Chapitre 2 02

Les mots de Ricardo résonnaient dans l'air, lourds de sens et d'avertissements. Elara ne pouvait plus fuir. La graine en elle, ce noyau de pouvoir, pulsait toujours, chaque battement résonnant comme un écho lointain au fond de son être. La forêt elle-même semblait attendre sa réponse, prête à l'englober ou à la rejeter, selon la direction qu'elle choisirait de prendre.

Elle se redressa légèrement, les bras tendus, paumes vers le ciel, comme pour capter la moindre brise qui effleurait son visage.
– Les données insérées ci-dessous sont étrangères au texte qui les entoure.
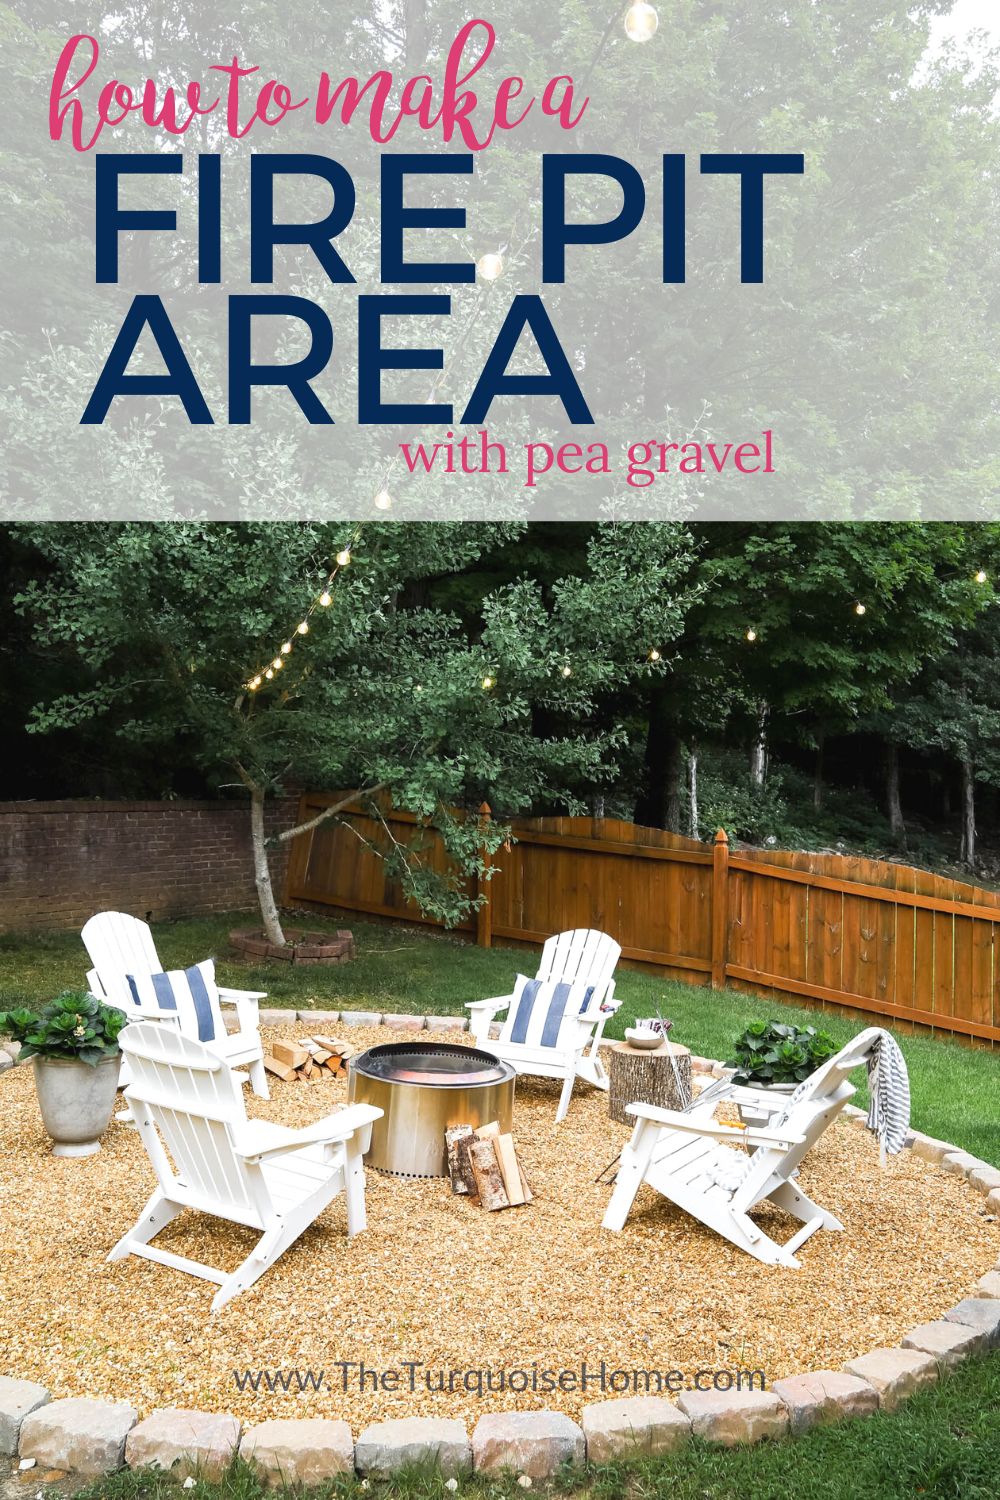 How to make a fire pit area tutorial

La forêt lui chuchotait des mots qu'elle ne comprenait pas encore. Elle sentait des racines s'enfoncer profondément sous ses pieds, s'entrelacer avec ses propres veines, et un frisson parcourut son corps. La terre, la végétation, les êtres invisibles qui peuplaient ce monde étrange - tout cela semblait faire partie d'un tout qu'elle ne pouvait appréhender entièrement.

"Je... je ne sais pas," répondit-elle finalement, sa voix un murmure à peine audible. Elle n'avait pas la force de formuler une pensée claire. Elle se sentait minuscule face à la grandeur de ce qui l'entourait. "Je ne sais même pas ce que je suis censée faire."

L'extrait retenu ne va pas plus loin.